What’s fascinating about the modern financial world’s creations, among others, is making money from short and long positions in stock markets.
Two popular investment options are in wide use to increase returns. A long position refers to an investor buying and holding a company share, while a short position denotes an investor selling a company share he does not own.
However, you can profit from a long or short position if the share price aligns with expectations and vice versa. An understanding of the mechanisms gives you clarity in choosing the right one.
Short Position vs. Long Position
A long position holder is optimistic about a stock’s price in the future. He buys a stock or call options and waits for the price rises. A short-stock position holder is pessimistic about a stock. He sells it to lock in profits before the share price slides in the future.
At a Glance
|Pessimistic about a lower price of a stock
|Optimistic about a rise in a share
|Buy stocks or call options
Use of funds
|Use of an investor’s funds
Option types Used
|Short call options
Long call options
What is a Short Position?
A short position is an investor short-sells a stock and makes money when a stock price falls. He expects a share price will fall and intends to profit from the decline by short-selling a stock.
What Happens When You go Short?
You borrow stocks from a brokerage firm and sell them in the market. When the stocks slide in price, you repurchase them at lower prices and return them to the brokerage. The differences between selling and buying prices, excluding expenses, become the profit you will keep.
How Long Can You Stay in a Short Position?
You can maintain a short position if you fulfil requirements set by a brokerage lending you securities for short selling.

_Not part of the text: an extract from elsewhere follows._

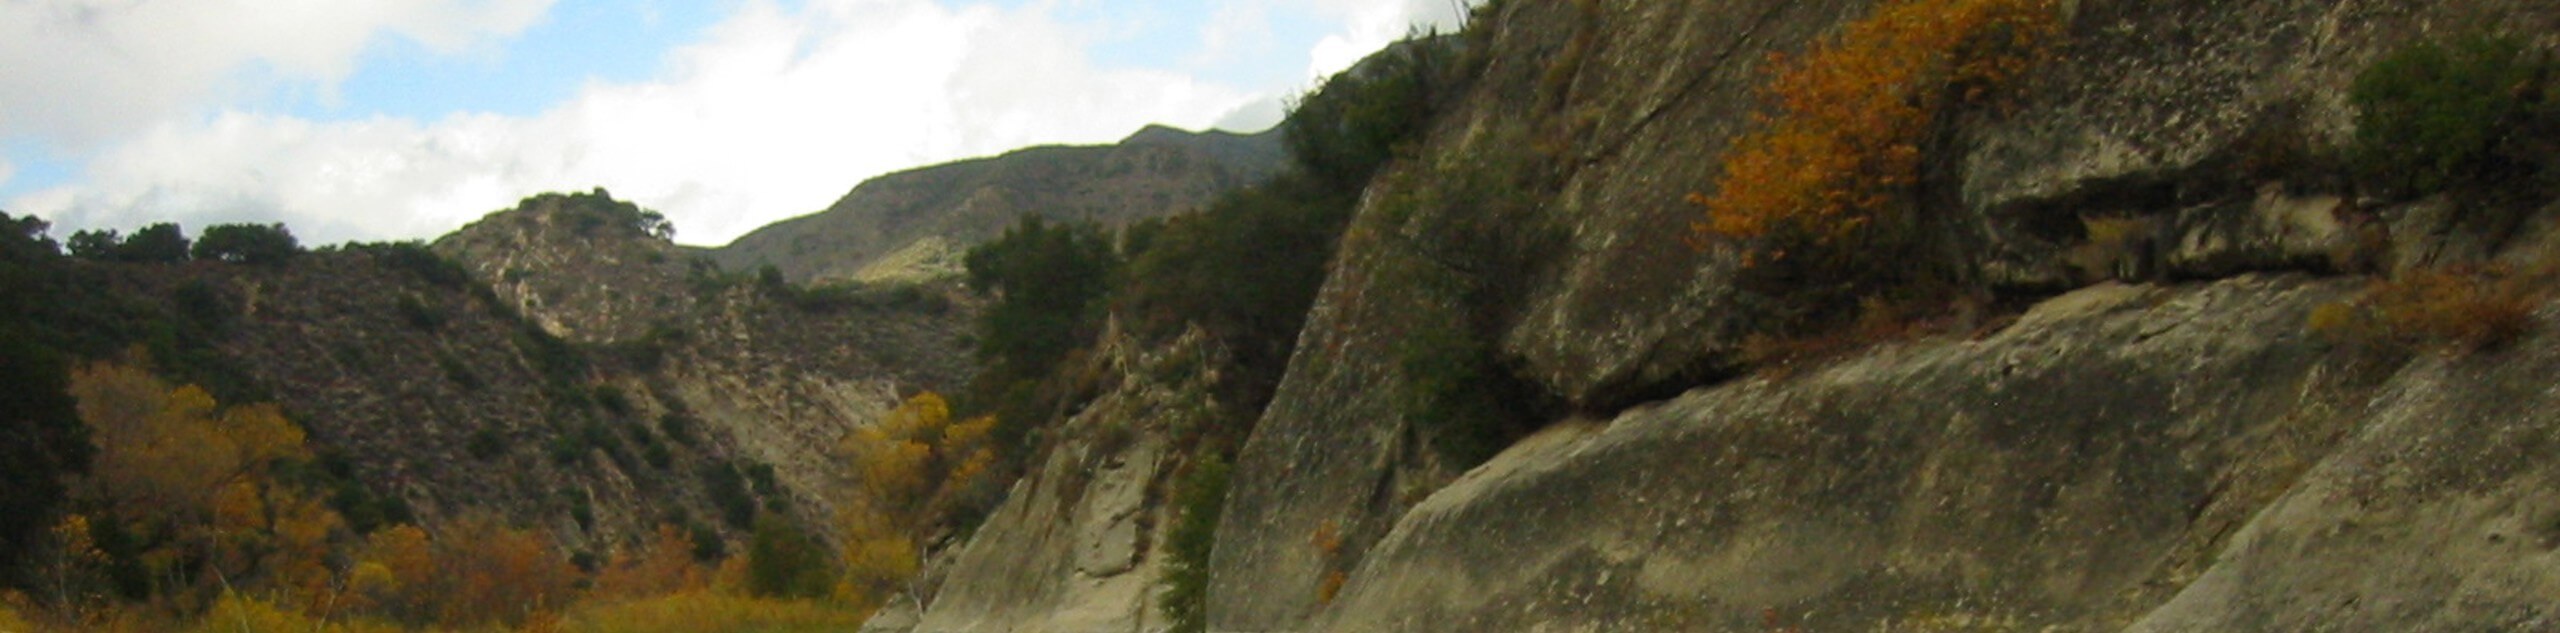 Red Rock Loop Trail
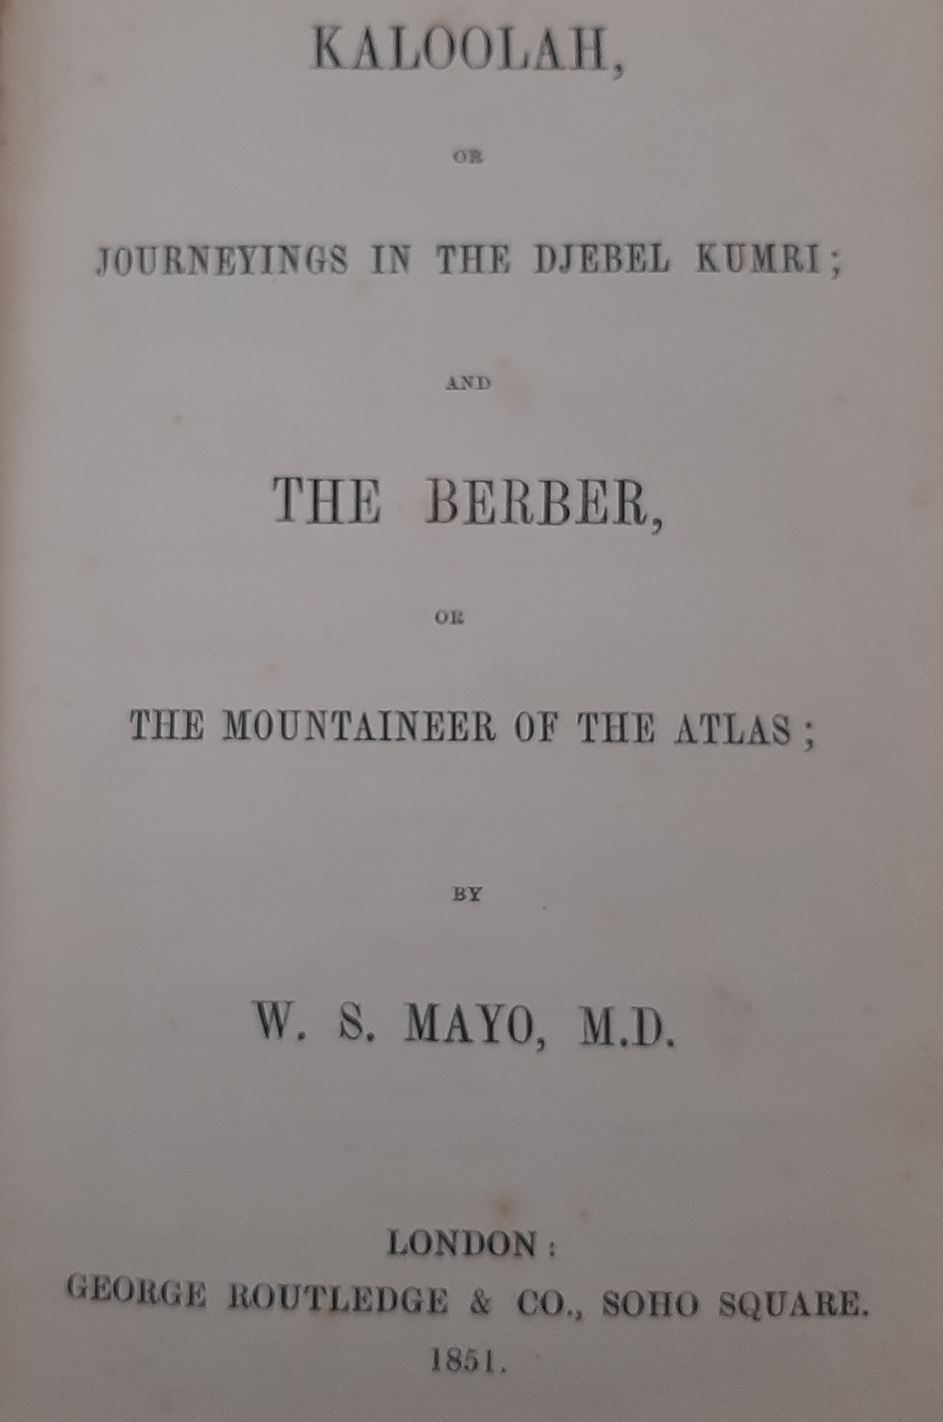 THE BERBER 1851

A typical broker requires two requirements for an investor:
- Margin requirements: You should maintain a maintenance margin requirement, e.g., a minimum amount of 25% of the equity or above in your margin account. A broker may initiate a margin call to fill the gap, or you may face a forced liquidation of the sale of securities if the requirement bar is below 25%.
- Interest requirement: Once in a short position, you are liable to pay interest accrued from borrowed securities. The costs become burdensome in a rising interest rate environment.
Case In Point
Mr. Chen opens a margin account to short-sell stocks with a broker. Thinking Google stock(Goog) is overvalued, he deposits USD2,475 into the account to margin-trade the share.
He expected the stock price would fall and borrowed 100 shares of Goog to short-sell from the broker when the then-current price was $99. Mr. Chen had to pay the interest of annualized 6% for the amount borrowed.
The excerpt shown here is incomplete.